** Opening THE DATA block **

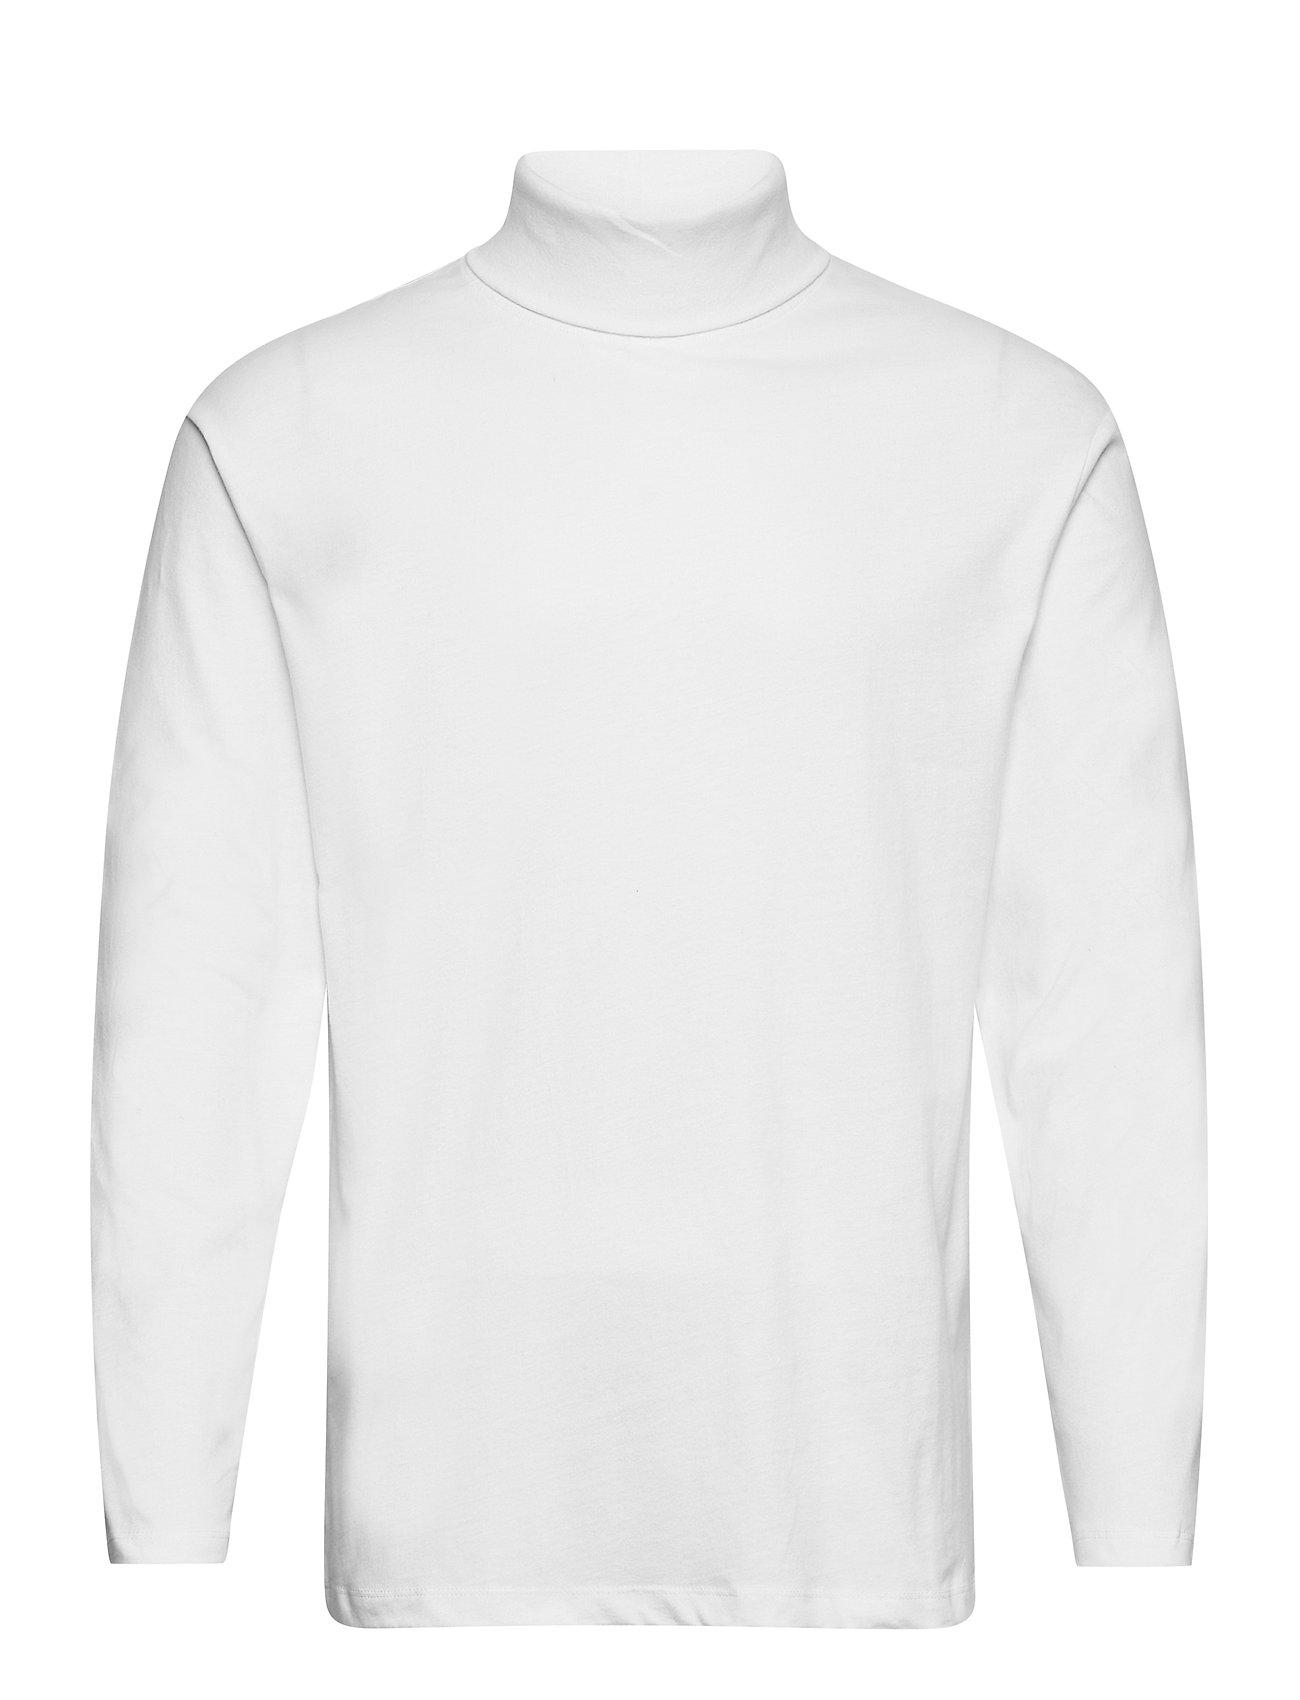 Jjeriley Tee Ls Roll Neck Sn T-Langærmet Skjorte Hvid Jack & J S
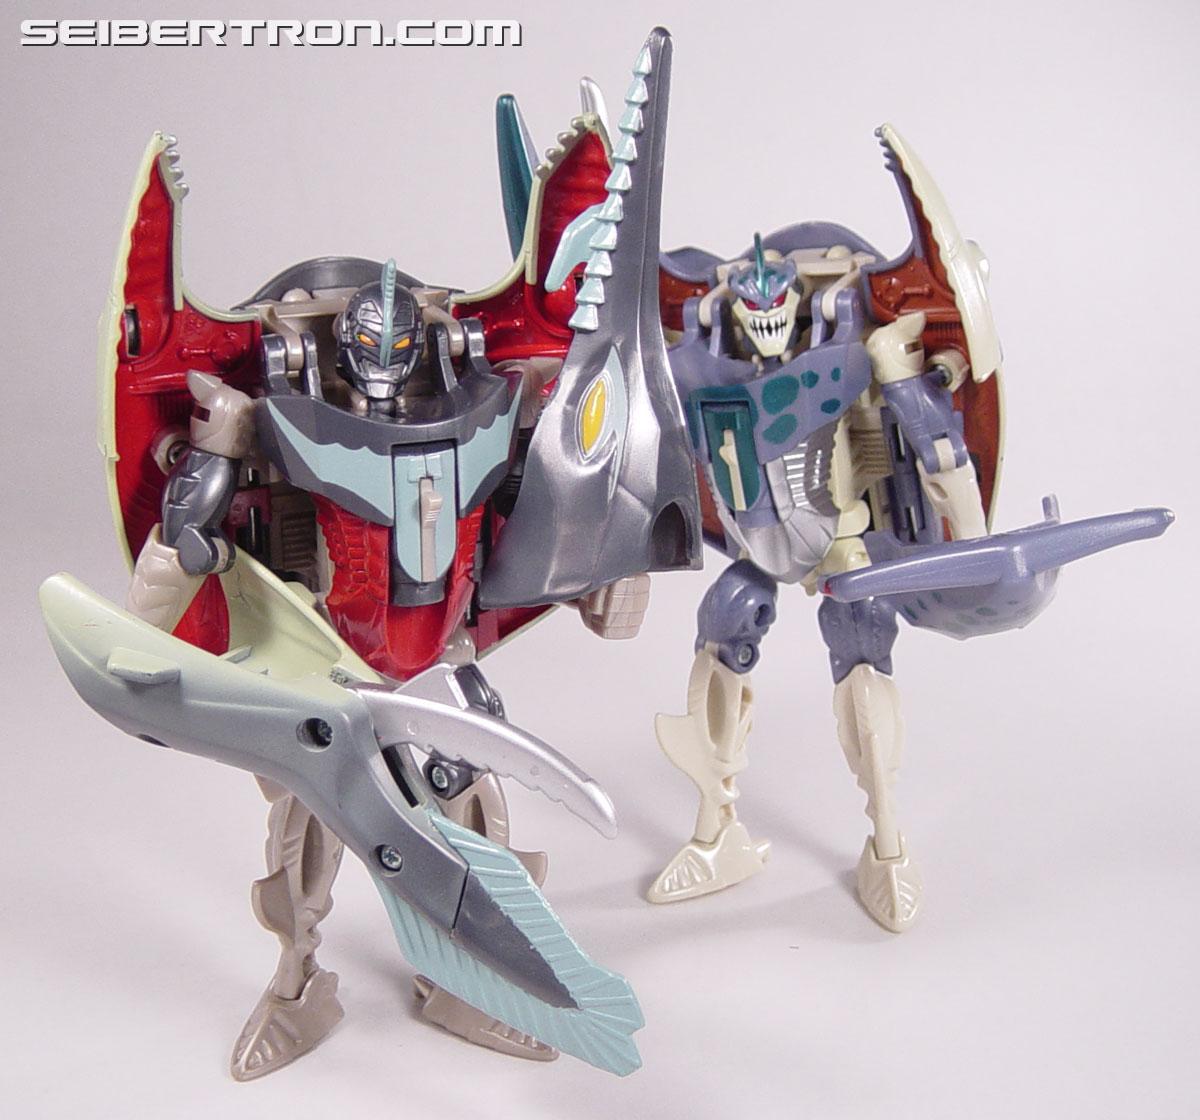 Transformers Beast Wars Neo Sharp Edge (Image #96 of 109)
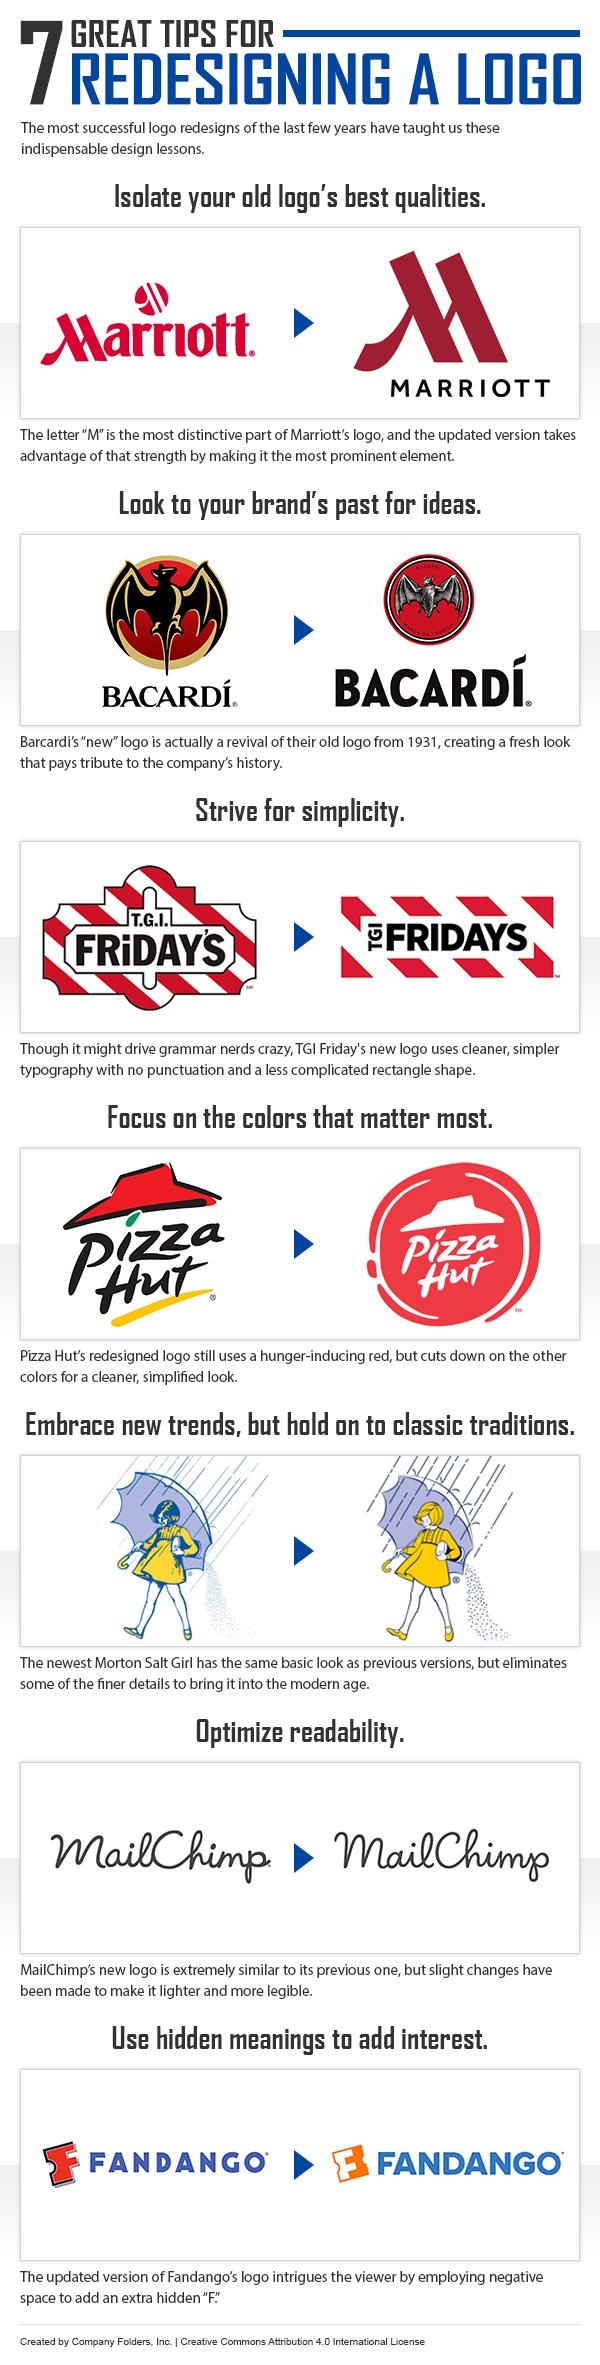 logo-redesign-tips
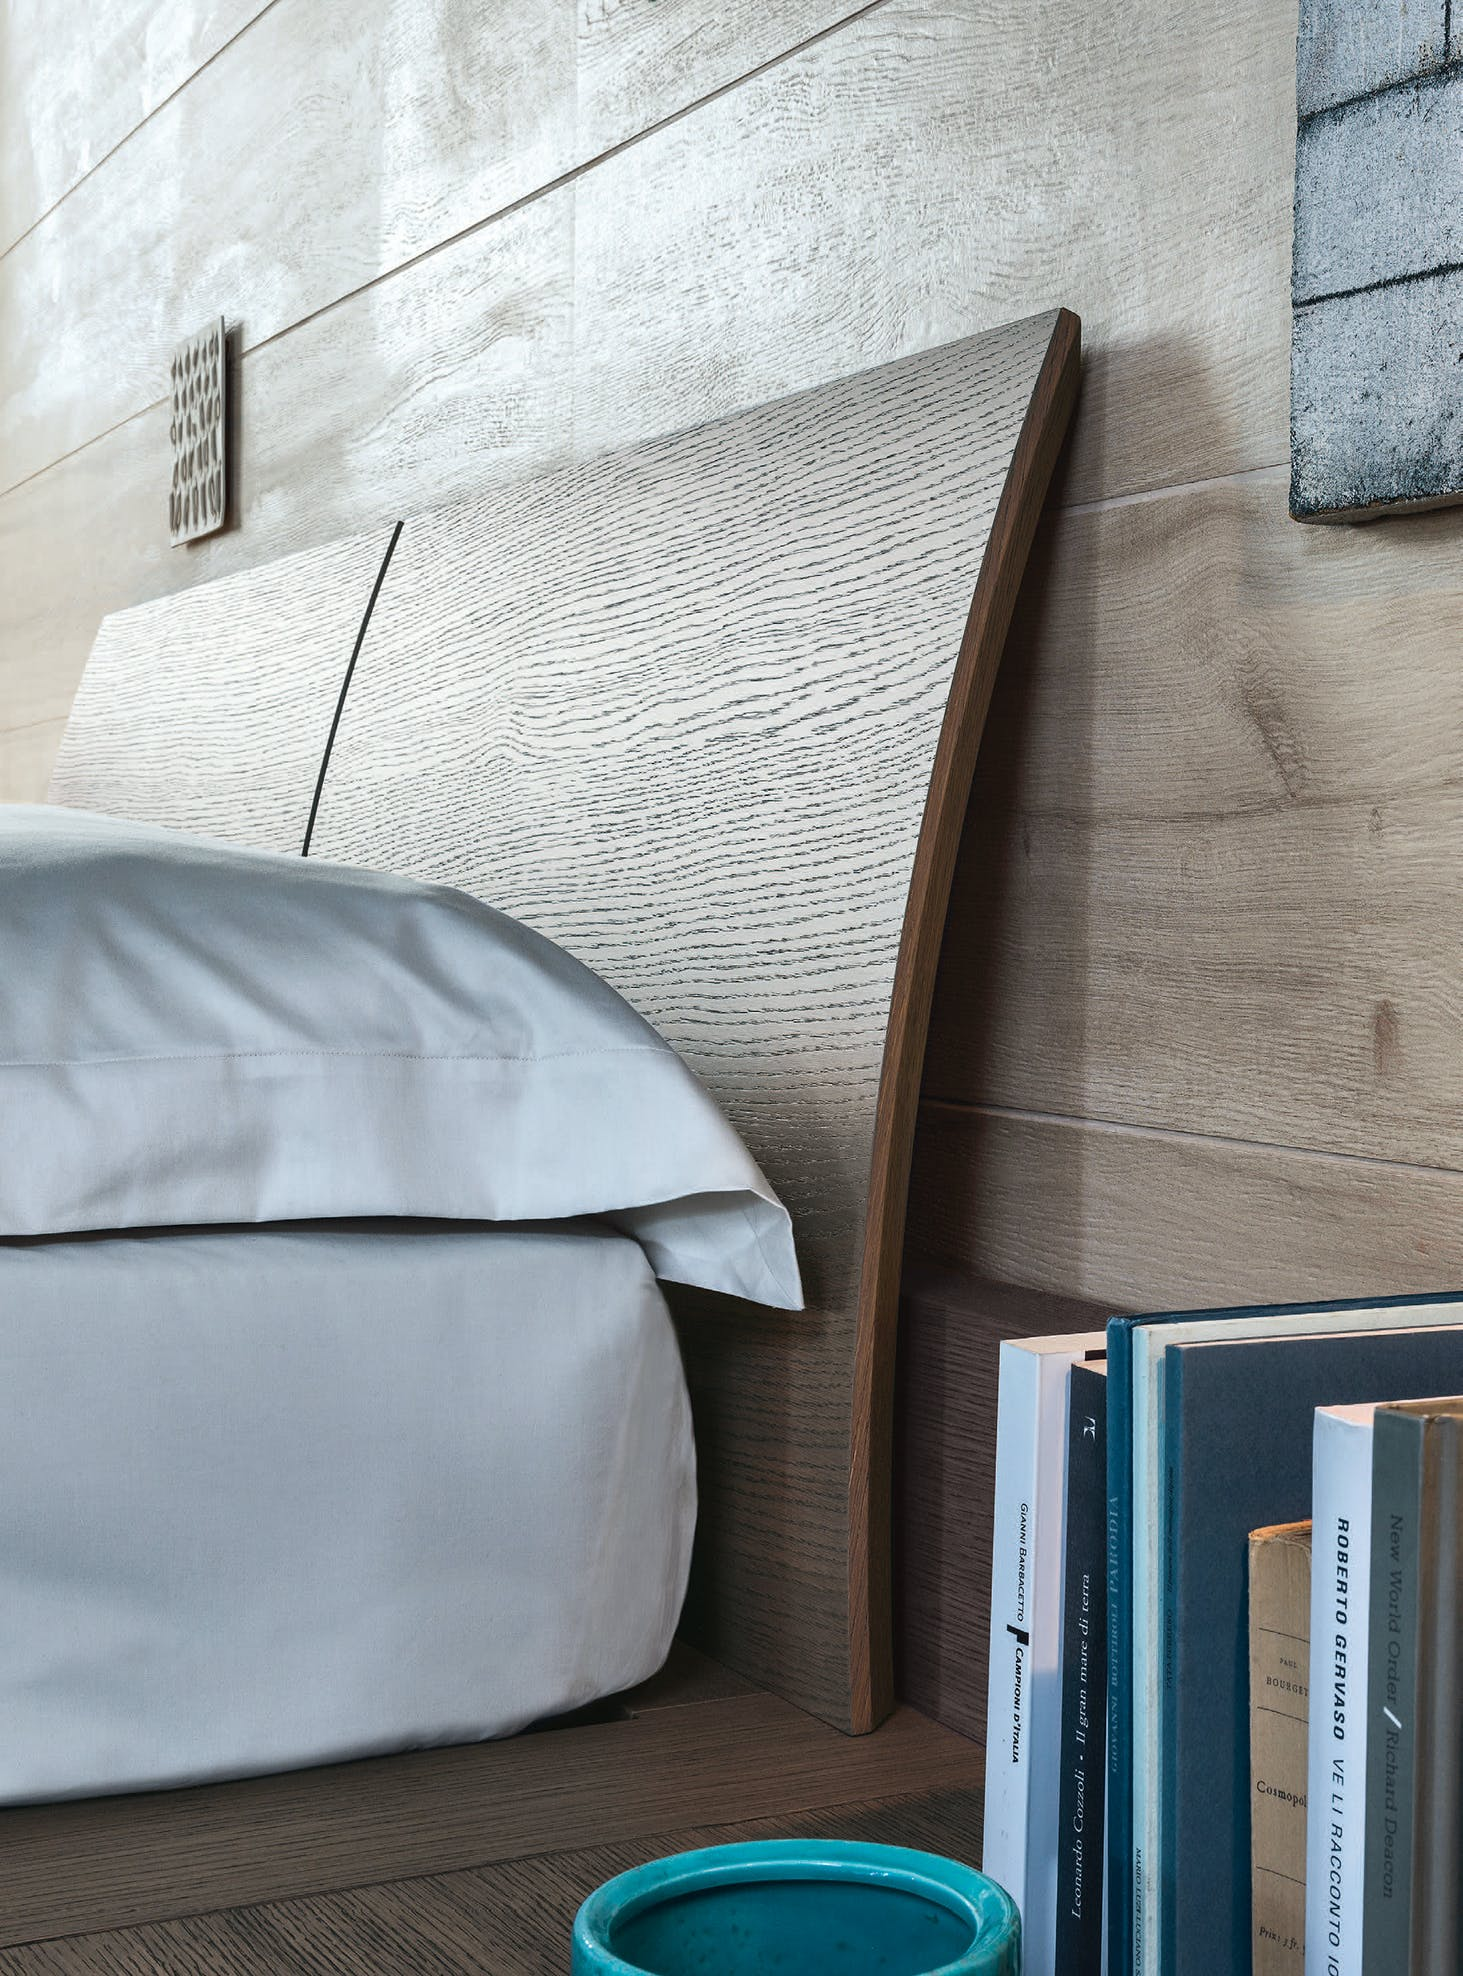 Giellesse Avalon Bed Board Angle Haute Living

** Closing THE DATA block **

# WORK TASK
Transcribe each line of the material above verbatim, but do not include the images.

# ANSWER
 Jjeriley Tee Ls Roll Neck Sn T-Langærmet Skjorte Hvid Jack & J S
 Transformers Beast Wars Neo Sharp Edge (Image #96 of 109)
 logo-redesign-tips
 Giellesse Avalon Bed Board Angle Haute Living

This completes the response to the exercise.